ECLI:NL:RBDHA:2022:12638

Rechtbank Den Haag

Datum uitspraak
28 juni 2022
Publicatiedatum
28 november 2022
Zaaknummer
NL22.10612
Instantie
Rechtbank Den Haag
Type
Uitspraak
Procedures
  • Voorlopige voorziening
Rechters
Vindplaatsen
  • Rechtspraak.nl
AI samenvatting door LexboostAutomatisch gegenereerd

Afwijzing verzoek om voorlopige voorziening in asielzaak

In de zaak met zaaknummer NL22.10612 heeft de Rechtbank Den Haag op 28 juni 2022 uitspraak gedaan over een verzoek om voorlopige voorziening van de verzoeker, die vertegenwoordigd werd door mr. B.A. Palm. De verzoeker had een asielaanvraag ingediend, maar deze was door de Staatssecretaris van Justitie en Veiligheid, vertegenwoordigd door mr. R.R. de Groot, niet in behandeling genomen. De reden hiervoor was dat Frankrijk verantwoordelijk werd geacht voor de behandeling van de asielaanvraag van de verzoeker.

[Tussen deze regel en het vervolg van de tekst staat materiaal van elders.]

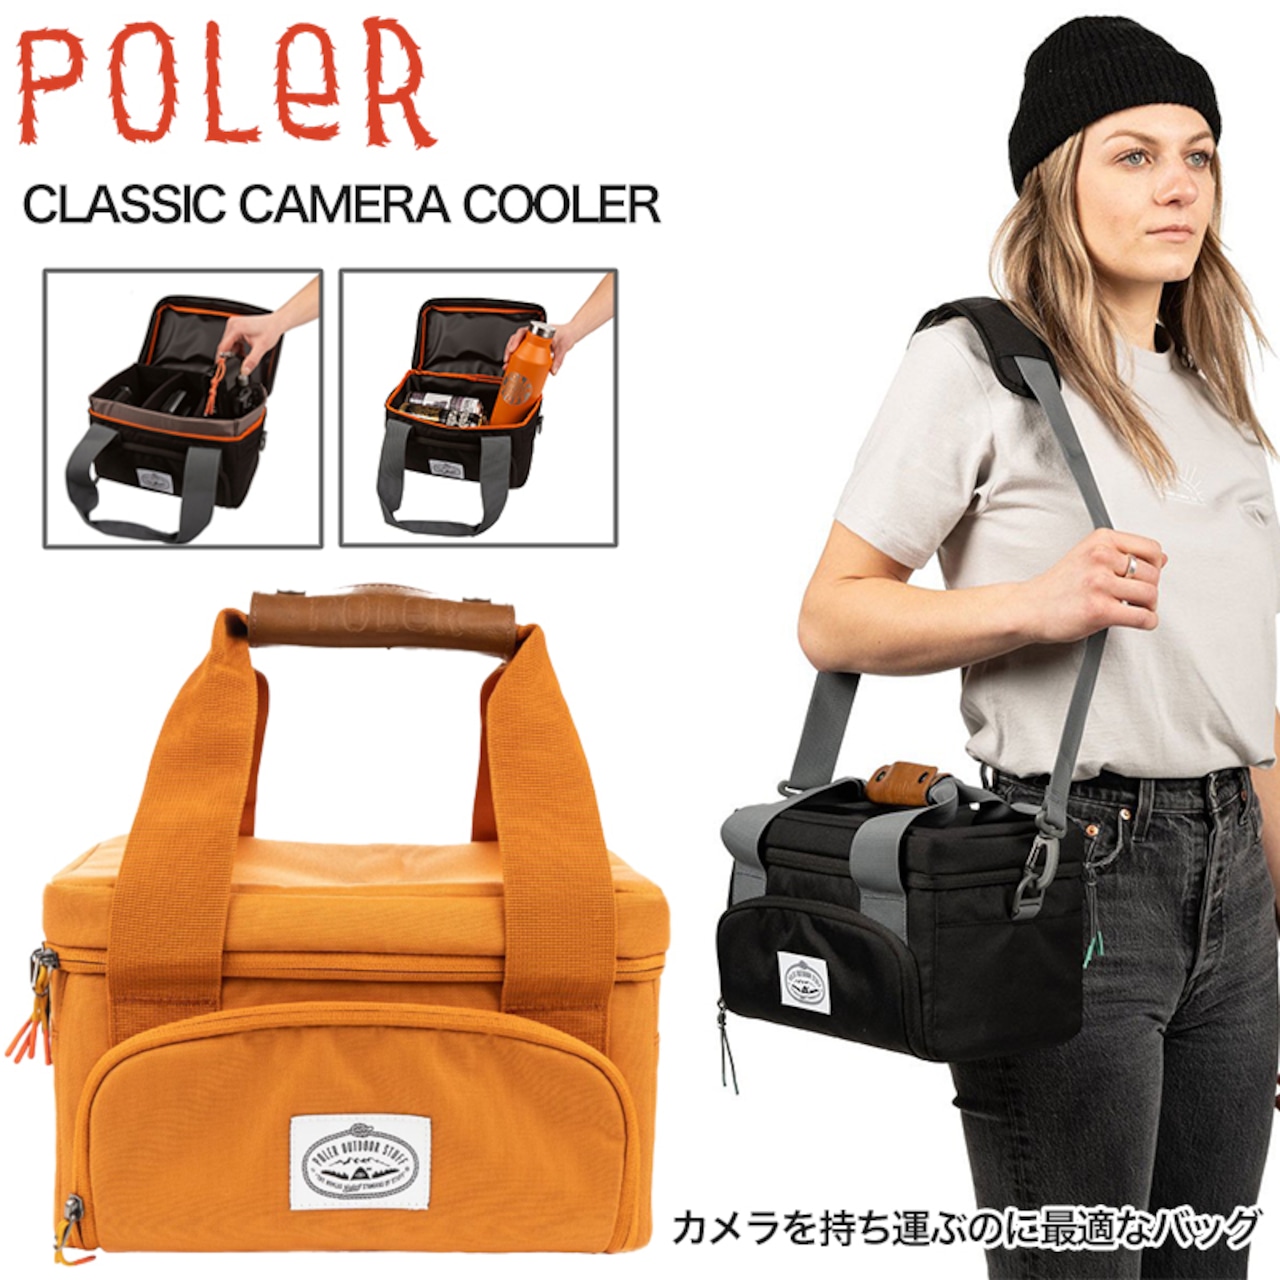 POLeR ポーラー CLASSIC CAMERA COOLER カメラバック クーラーバック バッグ

De voorzieningenrechter heeft het verzoek om een voorlopige voorziening behandeld tijdens een zitting op dezelfde datum, maar de verzoeker en zijn gemachtigde zijn niet verschenen. De vertegenwoordiger van de verweerder was wel aanwezig. Na de behandeling heeft de voorzieningenrechter onmiddellijk uitspraak gedaan.

De voorzieningenrechter heeft het verzoek om voorlopige voorziening afgewezen, omdat er inmiddels op het beroep was beslist in een andere zaak (NL22.10611), waardoor een voorlopige voorziening niet meer nodig was. Tevens is er geen aanleiding voor een proceskostenveroordeling. De uitspraak is openbaar uitgesproken op 28 juni 2022 door mr. M.C. Verra, in aanwezigheid van griffier mr. S. Westerhof. De bekendmaking van het proces-verbaal vond plaats op 29 juni 2022. Tegen deze uitspraak staat geen hoger beroep of verzet open.

Uitspraak

RECHTBANK DEN HAAG

Zittingsplaats Utrecht Bestuursrecht zaaknummer: NL22.10612
proces-verbaal van de mondelinge uitspraak van de voorzieningenrechter in de zaak tussen

[verzoeker] , verzoeker V-nummer: [V-nummer] (gemachtigde: mr. B.A. Palm),

en
de Staatssecretaris van Justitie en Veiligheid, verweerder (gemachtigde: mr. R.R. de Groot).

Procesverloop

In het besluit van 7 juni 2022 (het bestreden besluit) heeft verweerder de asielaanvraag van verzoeker niet in behandeling genomen op de grond dat Frankrijk verantwoordelijk is voor de behandeling daarvan.
Verzoeker heeft tegen het bestreden besluit beroep ingesteld. Hij heeft verder de voorzieningenrechter verzocht om een voorlopige voorziening te treffen.
De voorzieningenrechter heeft het verzoek, samen met de zaak NL22.10611, op 28 juni 2022 op zitting behandeld. Verzoeker en zijn gemachtigde zijn, met voorafgaand bericht, niet verschenen. Verweerder heeft zich laten vertegenwoordigen door zijn gemachtigde.
Na afloop van de behandeling van de zaak ter zitting heeft de voorzieningenrechter onmiddellijk ter zitting uitspraak gedaan.

Beslissing

De voorzieningenrechter wijst het verzoek om voorlopige voorziening af.

Overwegingen

1. De rechtbank geeft hiervoor de volgende motivering.
2. In de uitspraak van vandaag, zaaknummer NL22.10611, heeft de rechtbank uitspraak gedaan op het beroep. Een voorlopige voorziening is daarom niet meer nodig. De voorzieningenrechter wijst het verzoek om die reden af.
4. Voor een proceskostenveroordeling bestaat geen aanleiding.
Deze uitspraak is uitgesproken in het openbaar op 28 juni 2022 door mr. M.C. Verra, voorzieningenrechter, in aanwezigheid van mr. S. Westerhof, griffier.
Dit proces-verbaal is bekendgemaakt op:
29 juni 2022

Documentcode: [nummer]

Tegen deze uitspraak staat geen hoger beroep of verzet open.